In American Jewish cuisine, a bagel and cream cheese is sometimes called a "whole schmear" or "whole schmeer". A "slab" is a bagel with a slab of cream cheese on top.  A "lox and a schmear" is to a bagel with cream cheese and lox or “Nova” smoked salmon. The latter being the particular style of Atlantic salmon used by Jewish delis on the East coast, and often also referred to as lox, especially outside the old and shrinking Jewish lineage of delis, Tomato, red onion, capers and chopped hard-boiled egg are often added. These terms are used at some delicatessens in New York City, particularly at Jewish delicatessens and older, more traditional delicatessens.

The lox and schmear likely originated in New York City and Philadelphia, both sites of significant Polish immigration, around the time of the turn of the 20th century, when street vendors in the cities sold salt-cured belly lox from pushcarts. A high amount of salt in the fish necessitated the addition of bread and cheese to offset the lox's saltiness.
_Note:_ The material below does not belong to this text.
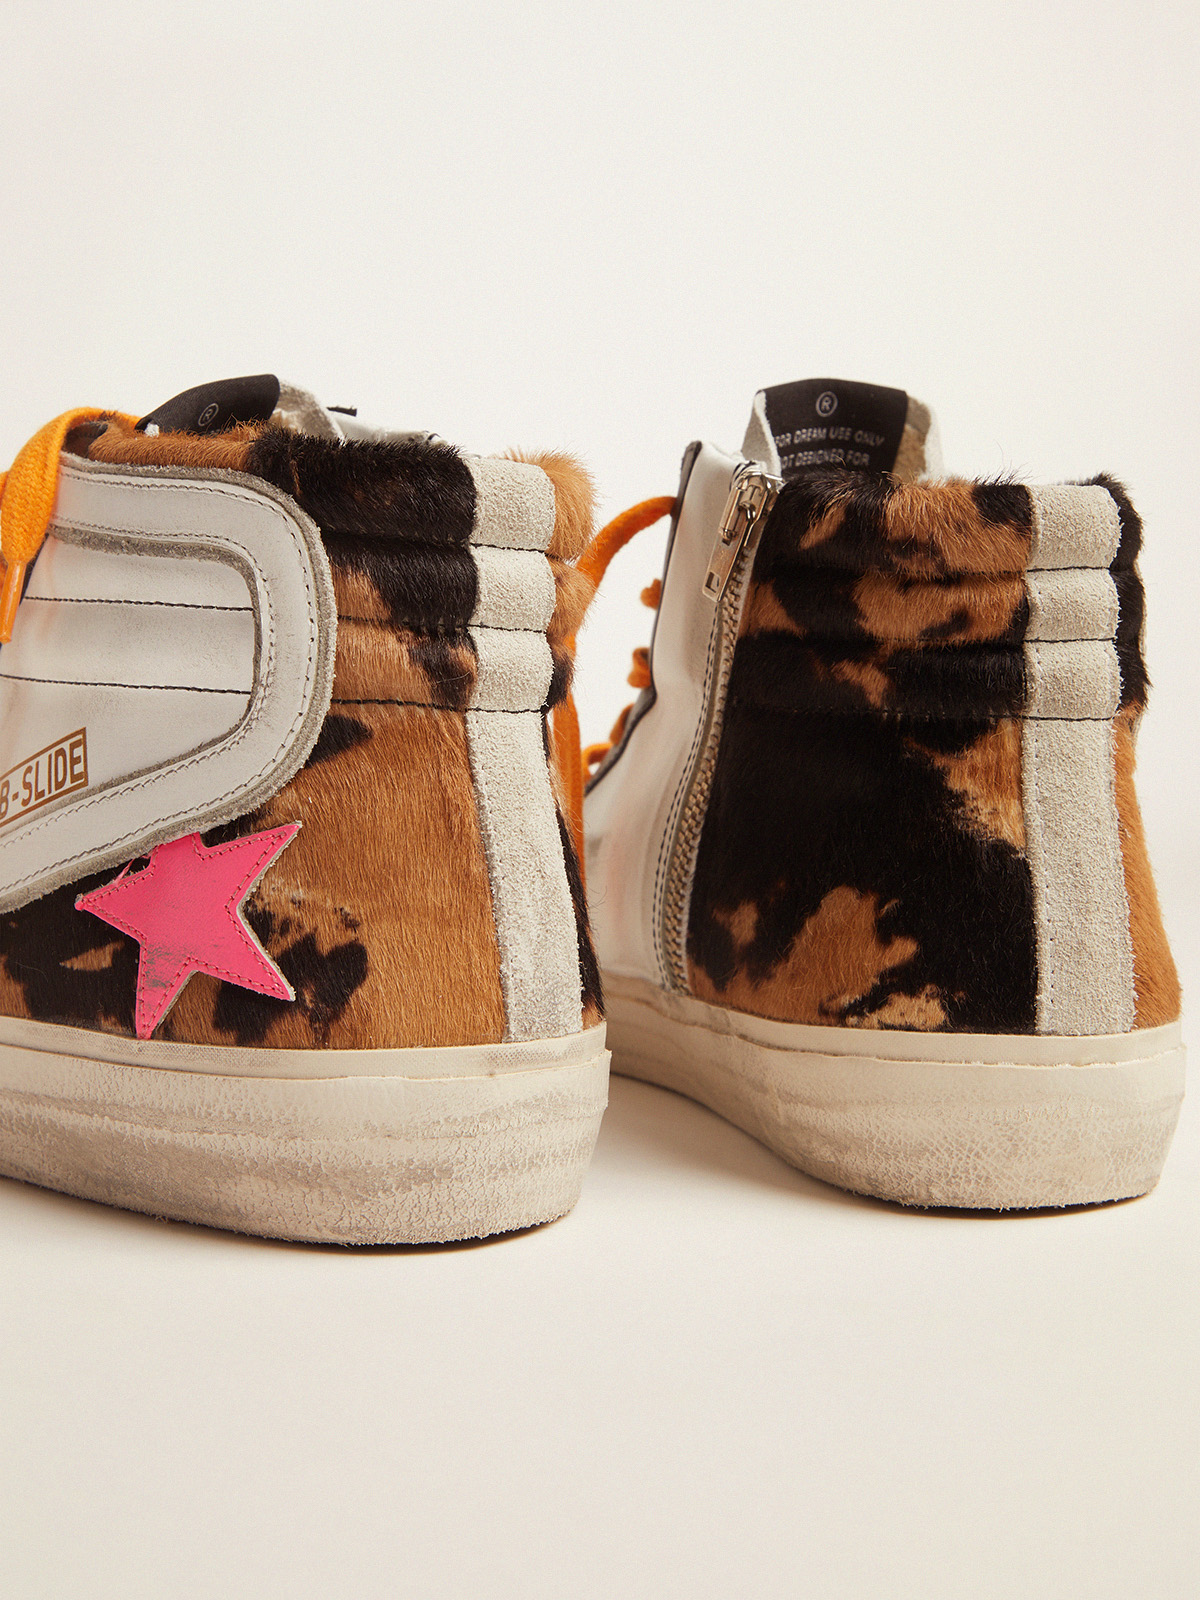 Slide sneakers in pony skin with orange laces and a fuchsia star | Golden  Goose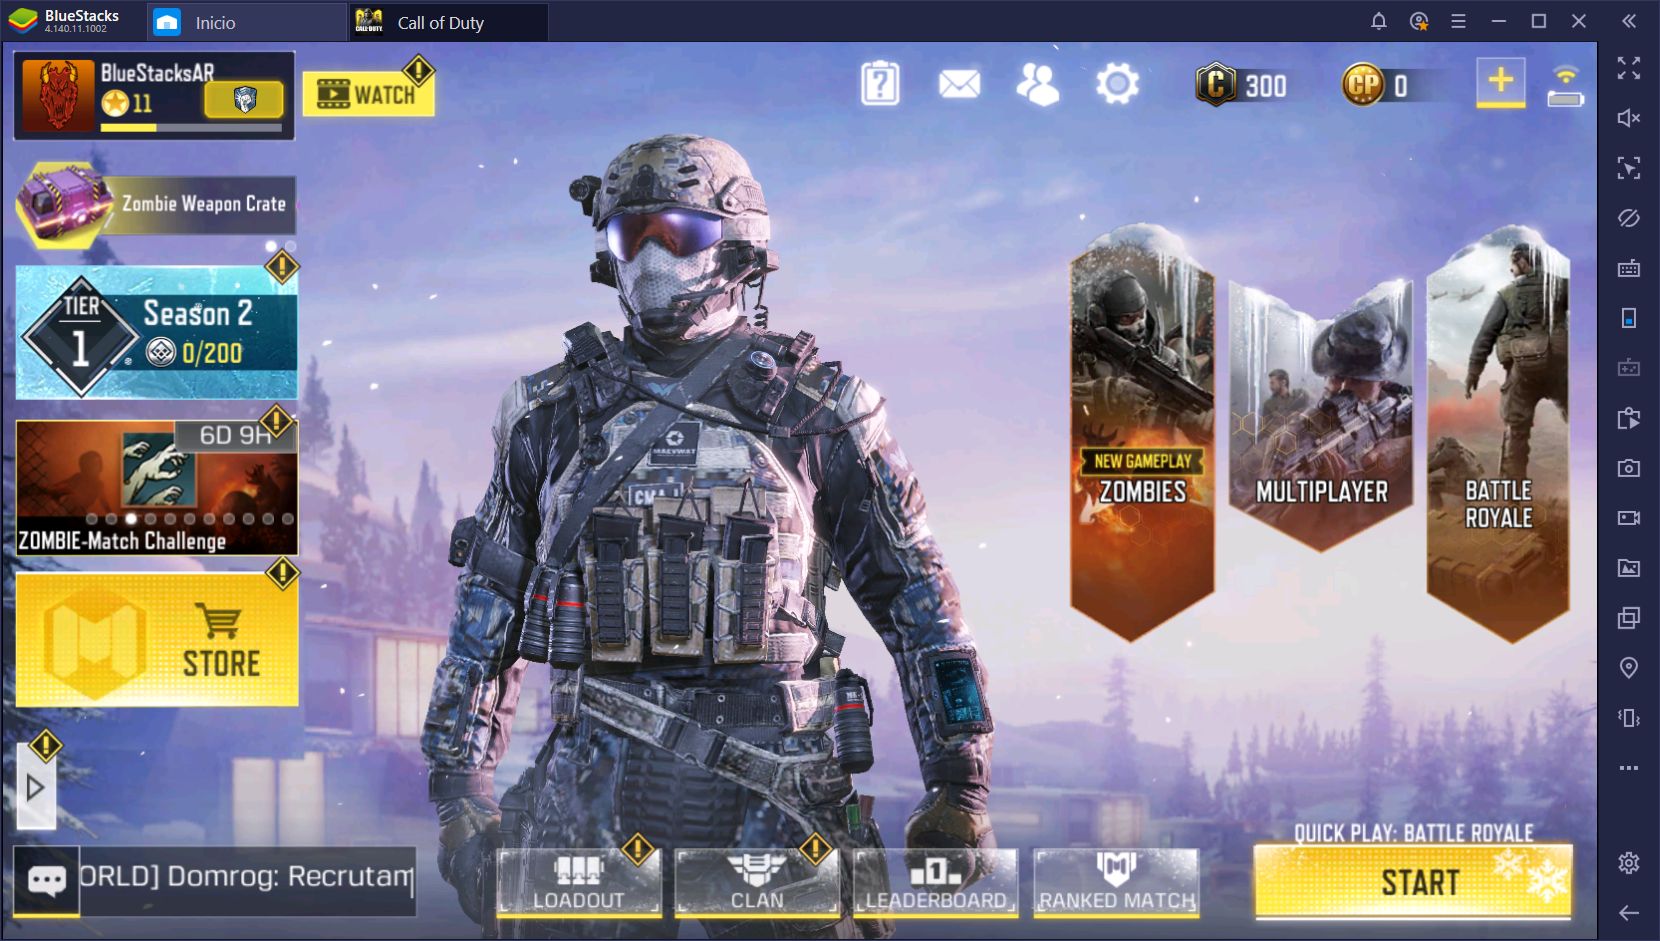 Call of Duty: Mobile on PC Patch 2.0 - Here’s What’s New

It was reported by U.S. newspapers in the early 1940s that bagels and lox were sold by delicatessens in New York City as a "Sunday morning treat", and in the early 1950s, bagels and cream cheese combination were very popular in the United States, having permeated American culture.

Mass production
Both bagels and cream cheese are mass-produced foods in the United States. Additionally, in January 2003, Kraft Foods began purveying a mass-produced convenience food product named Philadelphia To Go Bagel & Cream Cheese, which consisted of a combined package of two bagels and cream cheese.

In popular culture
Bagels and cream cheese were provided to theater patrons by the cast of Bagels and Yox, a 1951 American-Yiddish Broadway revue, during the intermission period of the show. The revue ran at the Holiday Theatre in New York City from September 1951 to February 1952. A 1951 review of Bagels and Yox published in Time magazine helped to popularize bagels to American consumers throughout the country.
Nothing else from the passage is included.